Most mammals, like dogs, horses, and mice, rely predominantly on their sense of smell. Their eyes, often positioned on the sides of their heads, grant a wide field of vision but at the cost of precise depth perception and poor sight at a distance.
Predators generally have more forward-facing eyes, but unlike even these animals, humans, apes, and monkeys exhibit a peculiar trait: truly forward-facing eyes, with a large area of visual overlap, offering enhanced visual acuity. In fact, humans have some of the best vision in the animal kingdom, which may partly explain why we’re such a successful species.
A 2018 study that compared visual acuity for roughly 600 species of insects, birds, mammals, fish, and other animals found human vision to be an outlier. Human eyesight is roughly 7 times sharper than a cat’s, 40 to 60 times sharper than a rat’s or a goldfish’s, and hundreds of times sharper than a fly or a mosquito’s vision.
That’s not all. Humans one up most other mammals in color vision too. The human eye can see millions of colors, a much wider color palette than dogs, for instance. According to a new study, this trait is owed to specialized eye cells whose development is directed by retinoic acid, a derivative of vitamin A. This finding contradicts the long-held belief that thyroid hormones control this process.
The Role of Vitamin A and Retinoic Acid in Human Color Vision
Old World monkeys and apes, including humans, have evolved trichromacy: the ability to perceive red, green, and blue colors. These independent color channels are derived from three distinct types of cone cells in the eyes. In contrast, dogs have only two color channels for blue and yellow, making them red-green color blind (but not entirely color blind; that’s a myth).
This trait arose from a gene duplication event, resulting in three distinct genes, each coding for a photoreceptor sensitive to different light wavelengths: blue (short wavelengths), green (medium wavelengths), and red (long wavelengths). The genetic code that instructs the retina to make these color-sensing cells was thought to be mediated by certain hormones produced in the thyroid. Not so, says Robert Johnston, an associate professor of biology at Johns Hopkins University.
Johnston and colleagues grew human retinas in a petri dish. They discovered that the levels of retinoic acid during early development are crucial for the development and differentiation of cone cells. High levels lead to a predominance of green cones, while lower levels result in more red cones.
“These retinal organoids allowed us for the first time to study this very human-specific trait,” Johnston said in a press release. “It’s a huge question about what makes us human, what makes us different.”

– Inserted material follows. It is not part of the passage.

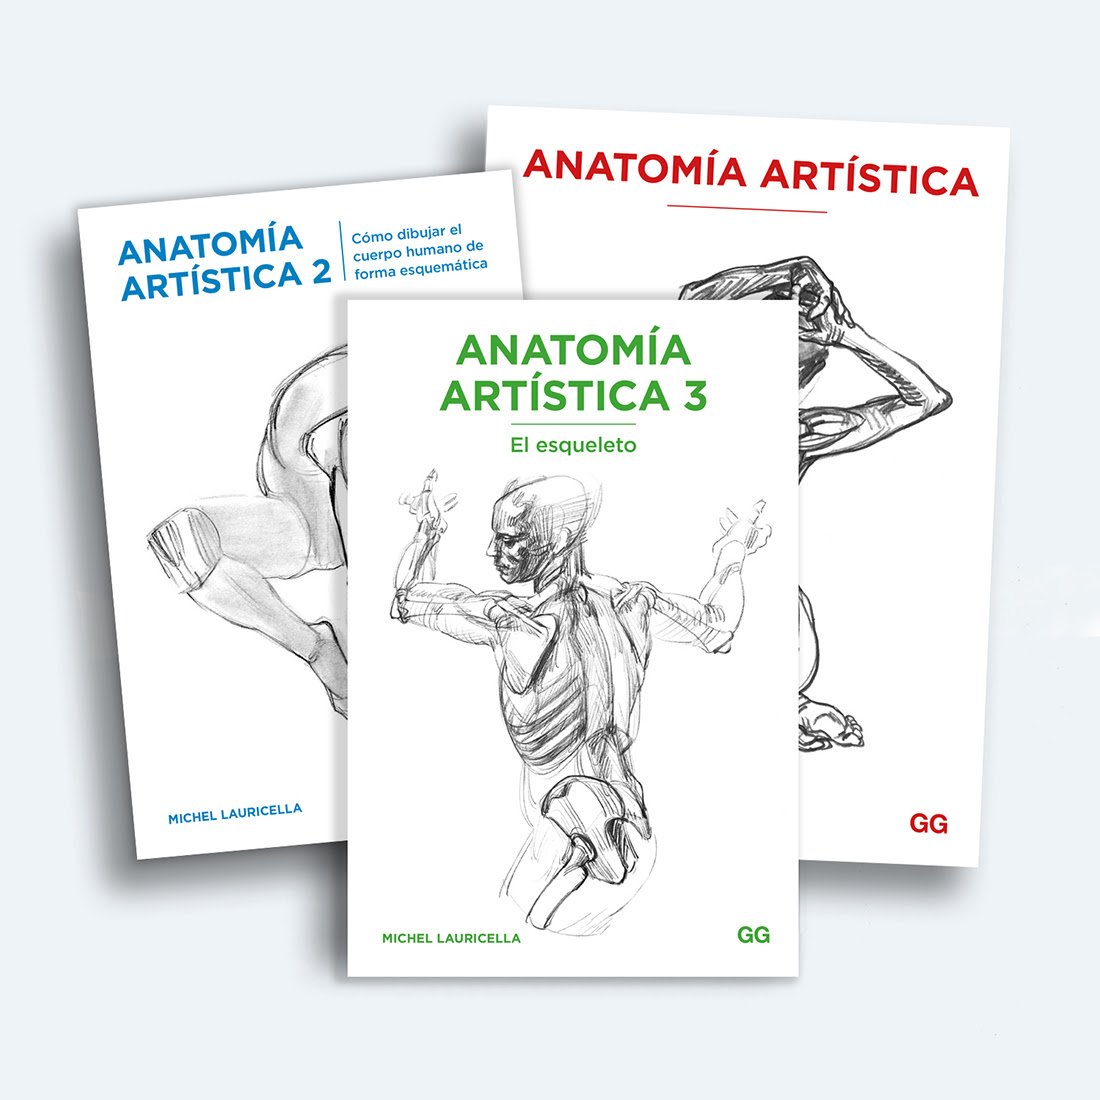 Anatomía Artística. Michel Lauricella

Additionally, the researchers mapped the red and green cone ratios in 700 adult human retinas, revealing surprising variations that do not affect visual acuity. In other words, people with normal vision will see colors slightly different from each other. If the same ratios were to apply to the cells that determine the length of a human arm, we’d see “amazingly different” arm lengths, Johnston said.
This research opens up new possibilities for understanding human vision, as well as color blindness, age-related vision loss, and other health conditions affecting vision.
“The future hope is to help people with these vision problems,” Johnston said. “It’s going to be a little while before that happens, but just knowing that we can make these different cell types is very, very promising.”
The findings appeared in the journal PLOS Biology.